Тяжело, трудно дышится, душно от нагретой влажной земли и сухой травы, куда сунут ненароком нос. На проталине словно разлит густой, оставшийся еще с лета, забористый настой лугового разнотравья, к нему прибавились запахи гнили, сырости, и оттого нечем дышать. Но стоит приподняться на локти, сразу легко, грудь полна свежести, ветер студит непокрытую голову, и остро, дразняще пахнет талым снегом, как бы холодной арбузной коркой. Терпения нет, загорелось, хочется отведать в останный раз этого дарового угощения. Рука сама тянется к снегу, находит снег ощупью и мнет его в сырой грязновато — сизый катыш. Зубы вонзаются с хрустом, арбуз и есть, как покупной, редкостный, — сок так и брызжет, течет по губам, отрадный мороз обжигает внутренности… Славно! Ах, как славно!.. Ешь больше, заговляйся, скоро снега и не понюхаешь.

И весь мир в эту минуту был тут, на проталинке, понятный, добрый, маленький, с ребячьими утехами, и никакого другого мира не желалось, да и не было и, казалось, не могло быть. Ни о чем не думалось, даже глиняные скворечни не приходили в голову. А они, просторные, как корчаги, уже сохли который день в избе на полице. Эта отличная парочка необыкновенных горшков, с крышками, вмазанными намертво, навсегда, с узкими рыльцами — лазами для желтоносых хозяев, с ушками по бокам, чтобы привязывать, прикручивать веревкой и проволокой к дереву, эта неслыханная красота должна была скорым утром лезть в печь, в огонь, обжигаться там вместе с ведерниками и подкорчажниками. Надо бы по привычке и памятуя недавнее, страшное, молить про себя неустанно бога, чтобы горшки — скворечники не лопнули в печи, не разлетелись в черепки. Нет, не молилось и страха не чувствовалось, — вот как хорошо Шурке валяться на первой теплой проталине.

Когда проталин в волжском поле прибавилось, заманчиво было по последнему утреннему холоду и слабому насту бежать от островка к островку, придерживая школьную сумку, скакать по тонкому льду, который трещал и лопался, как стекло, под ногами, по схваченной заморозком, не совсем еще вытаявшей из‑под снега, но уже начавшей зеленеть озими, и вдруг заметить почти под ногами бурый, убегающий от тебя комочек земли.
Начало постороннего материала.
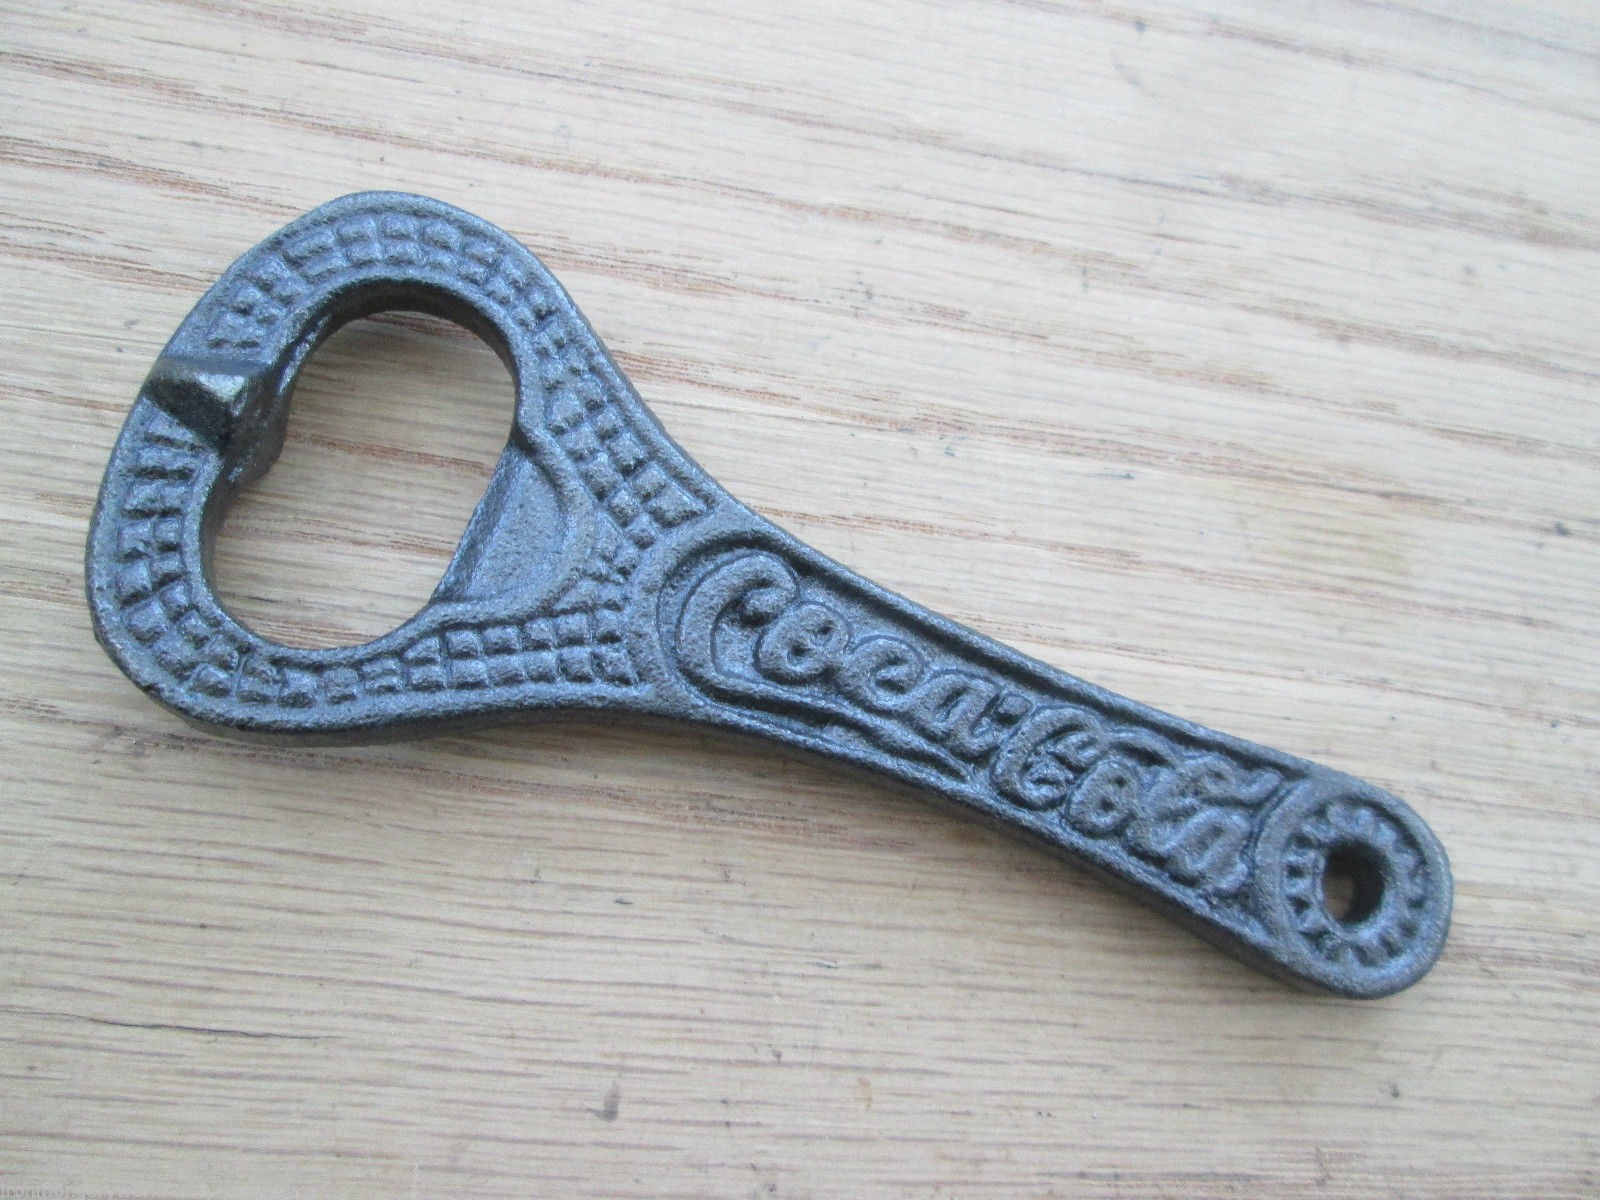 Cast iron Vintage rustic style Collectable Wall mounted Beer Bottle Opener

Он стремительно, бесстрашно катится перед тобой, как колобок, по светлым льдинкам, по жесткому серому снегу и мягкой зелени озимей. Легонько приминает свернутую трубочками, раскустившуюся еще осенью рожь, и она, шевелясь, выпрямляется позади колобка. И нельзя сразу догадаться, что это за птичка — невеличка, такая смелая, похожая на комок земли, не боящаяся человека. Подпустив тебя совсем близко, она внезапно трепещет часто — часто ржаво — пестрыми крылышками и знакомо так, ступенчато, поднимается над твоей запрокинутой стриженой головой. Эвон она, птичка, взбирается по невидимой лесенке в самое поднебесье и звенит там, как льдинка. И уж бьется, стучит громко сердце от счастья, что ты, может, первый из всех ребят слышишь этот живой весенний серебряный колокольчик, он разливается на все волжское поле, почище Аграфениного звонка, и словно зовет, торопит куда‑то.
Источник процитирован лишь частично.